**What you have to do:** Strip the pictures, then copy the remaining data exactly as it stands.

**Source data:**
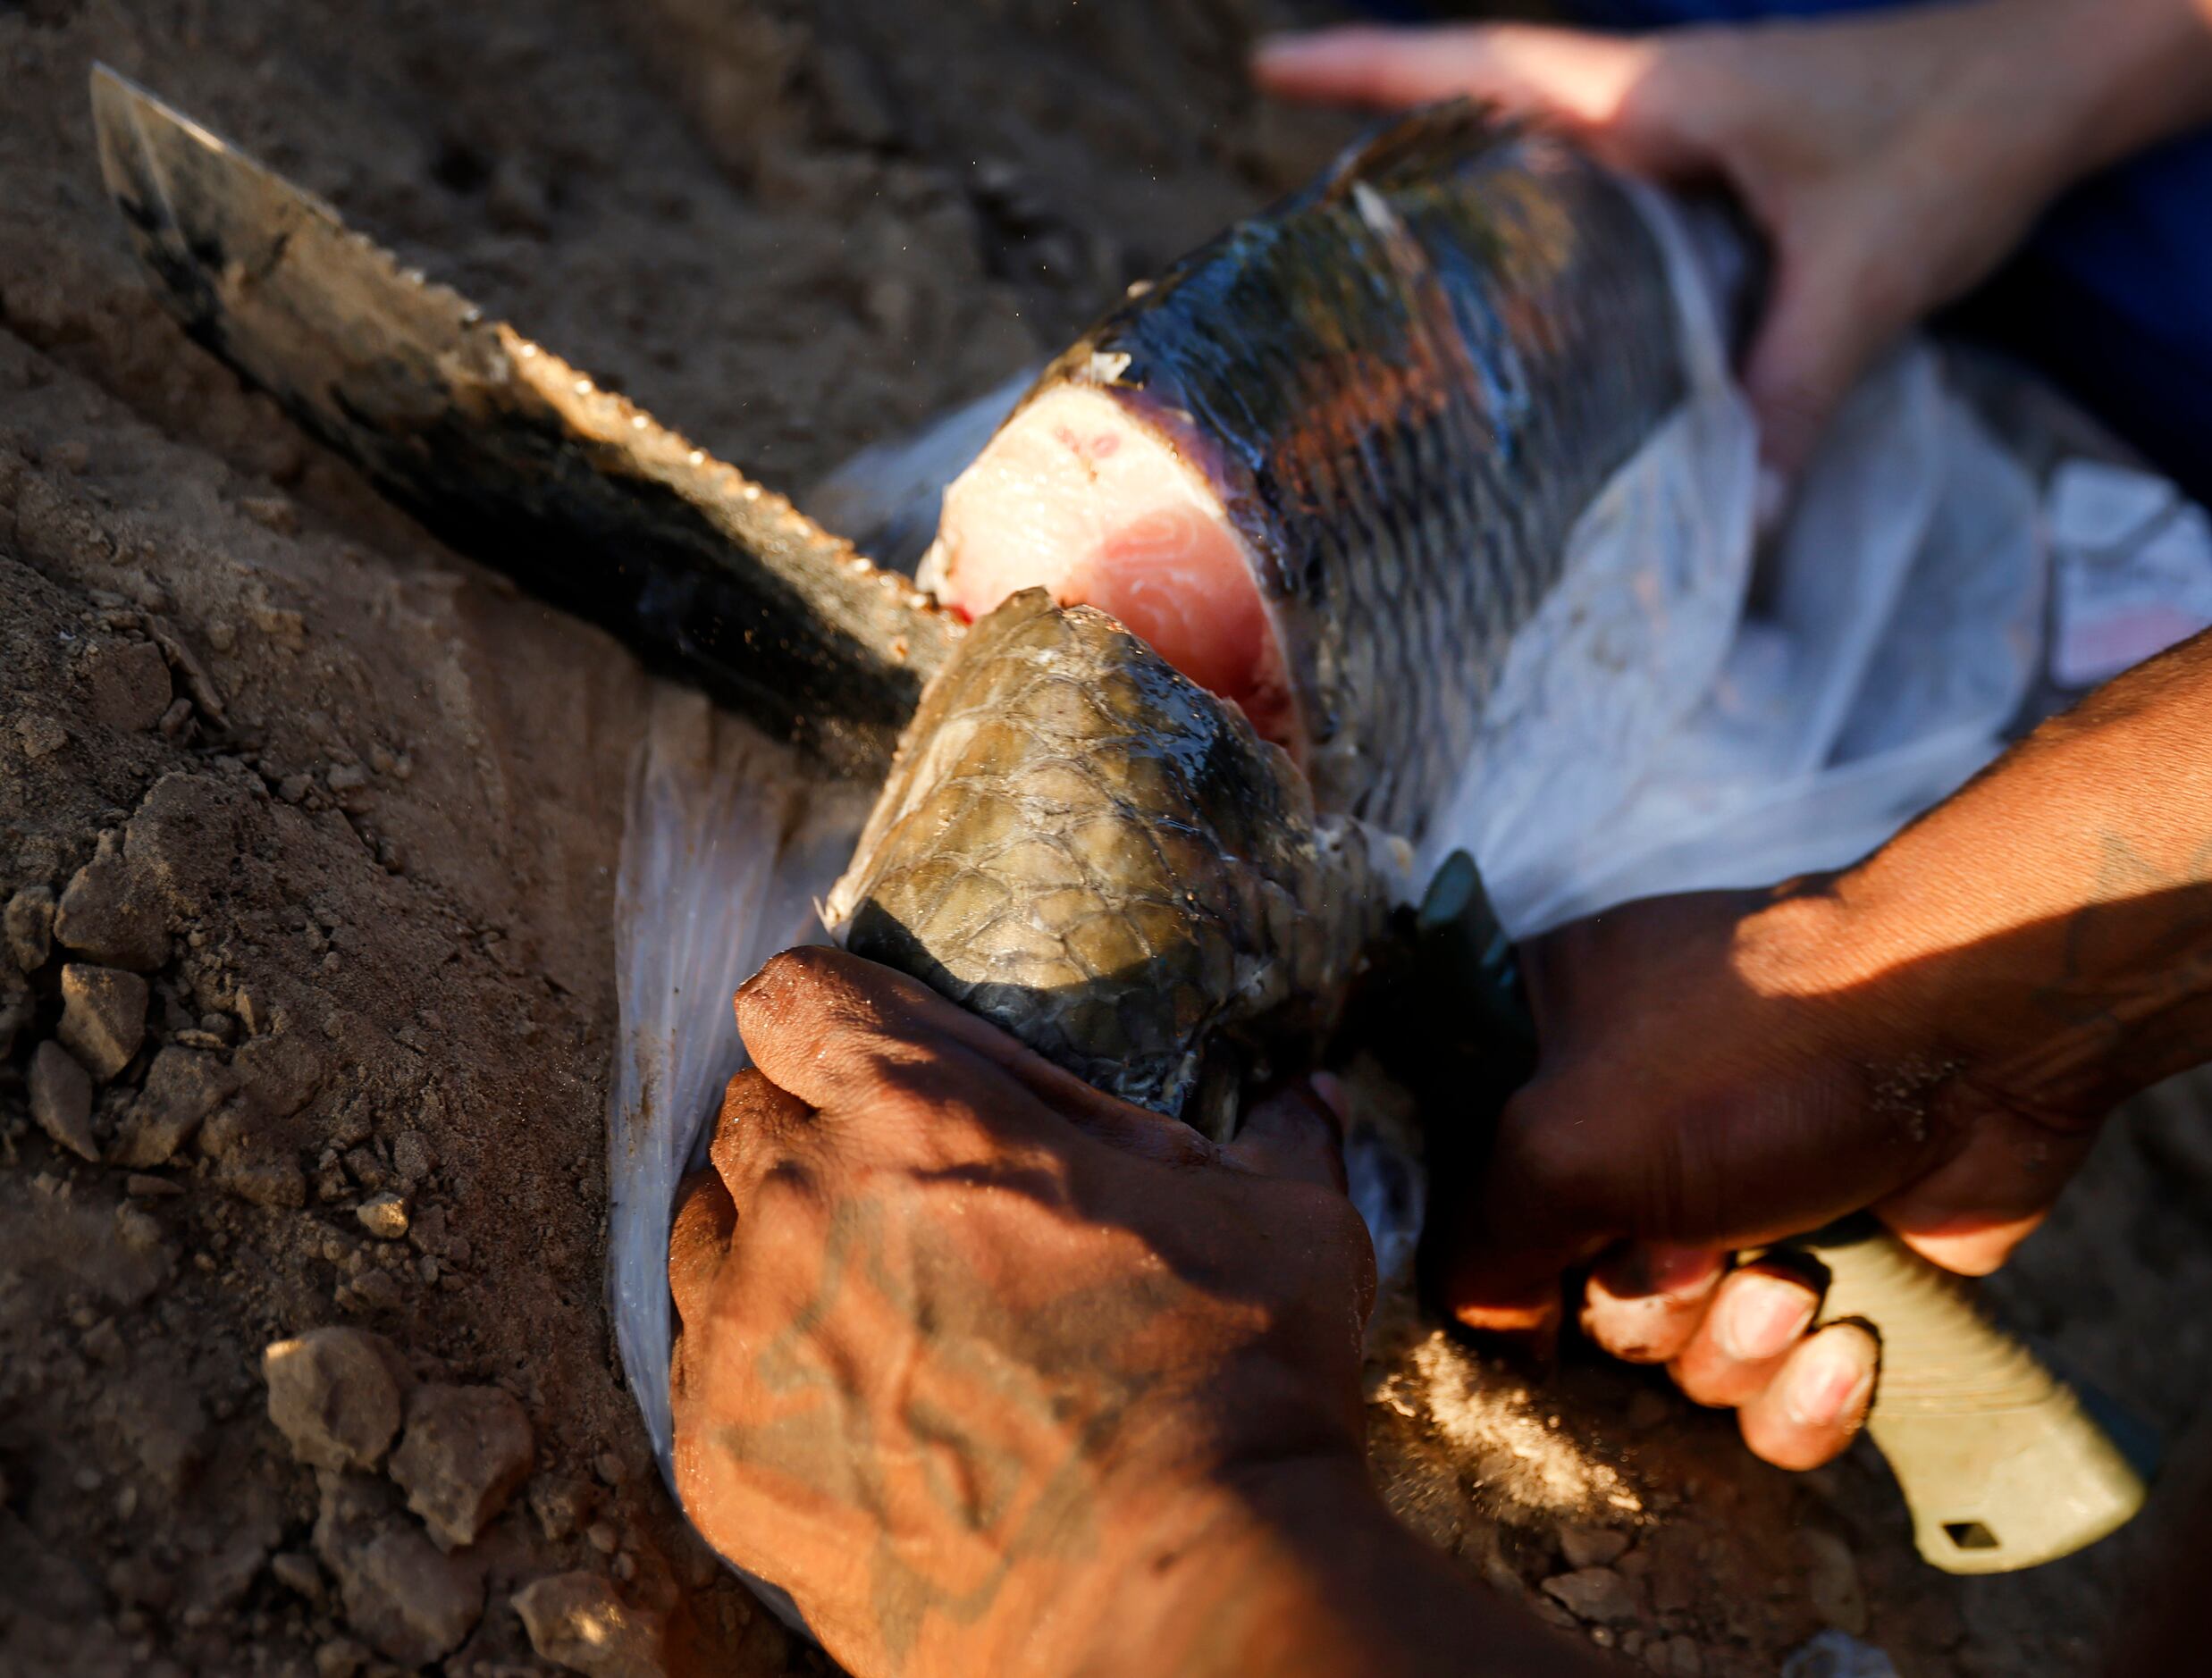 For alligator gar bait, Odell Allen cuts pieces of carp from an Asian grocery store with a...
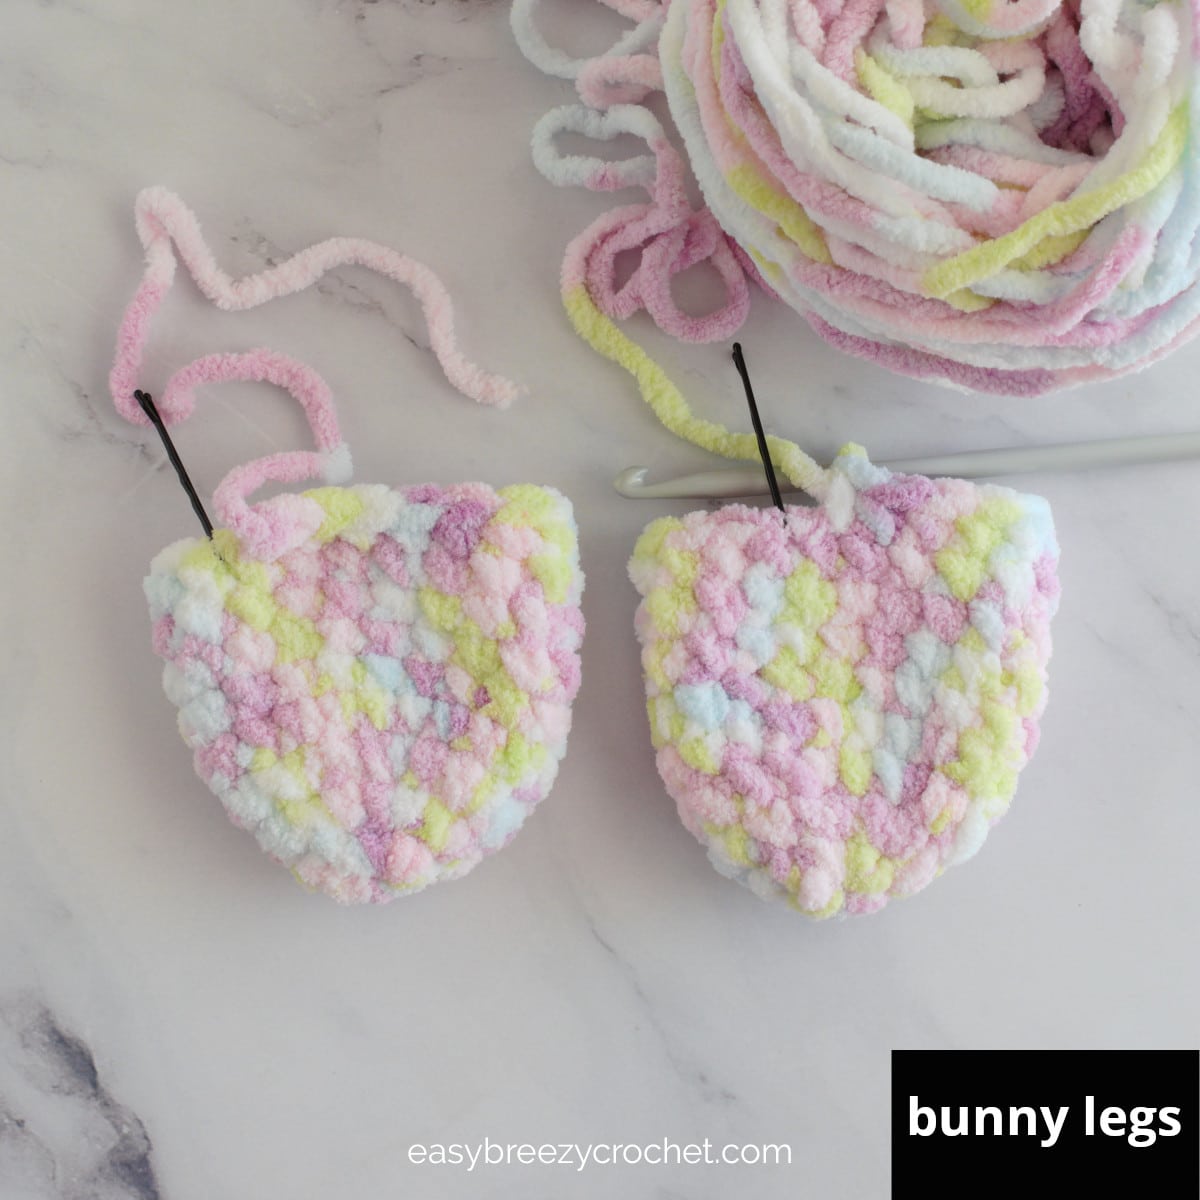 Two crochet shapes for the bunny legs.
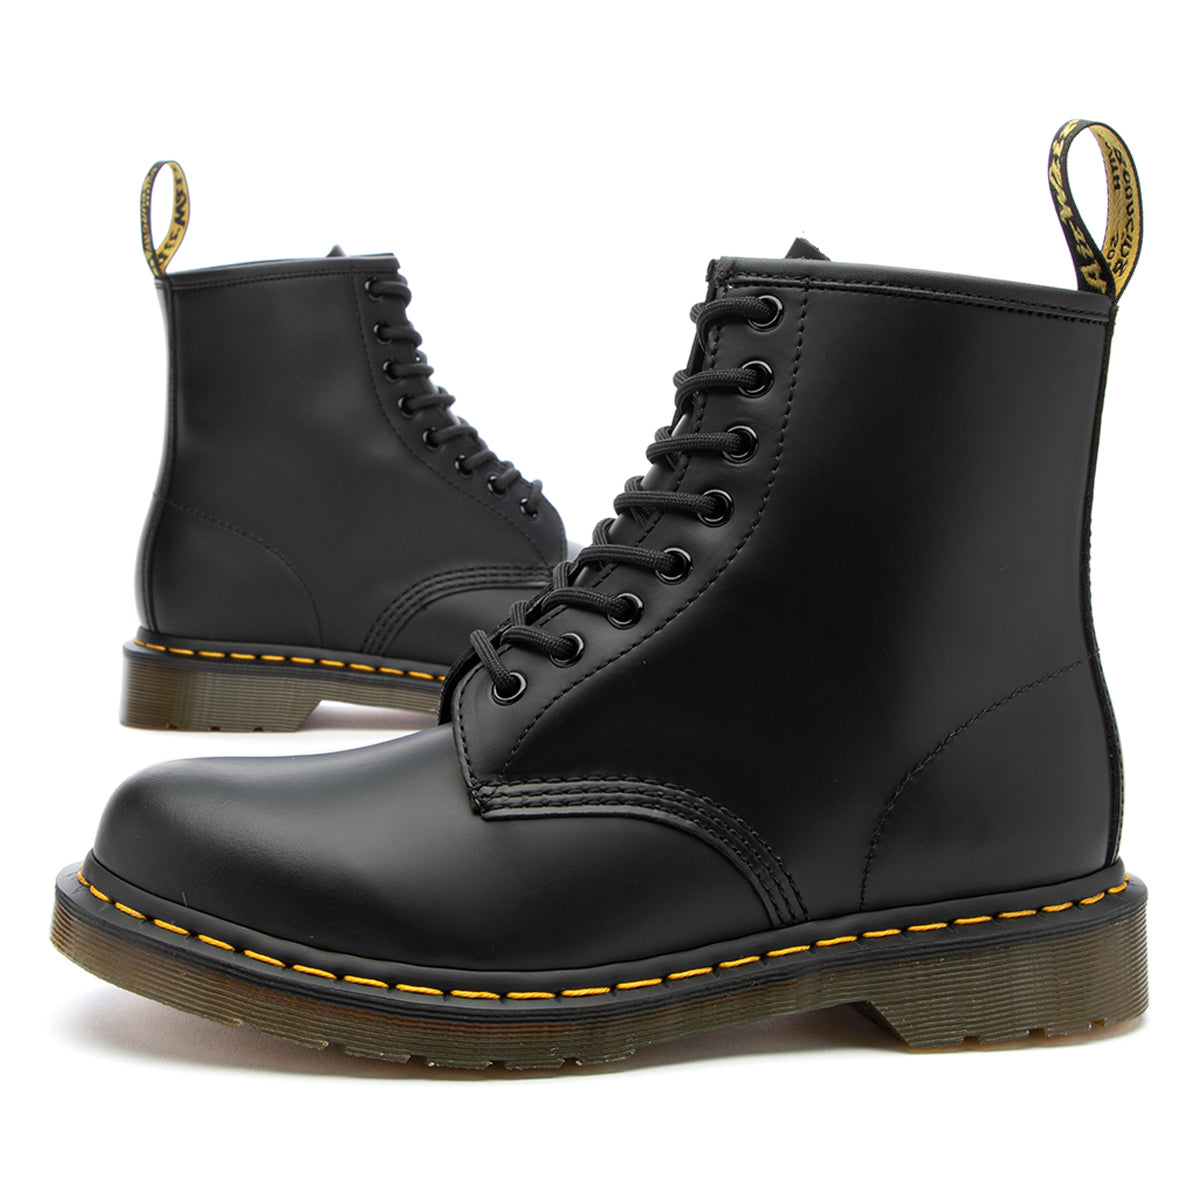 Dr. Martens Women's 8-Eye Smooth Combat Boot, Black, Size 10M

**Result of the exercise:**
 For alligator gar bait, Odell Allen cuts pieces of carp from an Asian grocery store with a...
 Two crochet shapes for the bunny legs.
 Dr. Martens Women's 8-Eye Smooth Combat Boot, Black, Size 10M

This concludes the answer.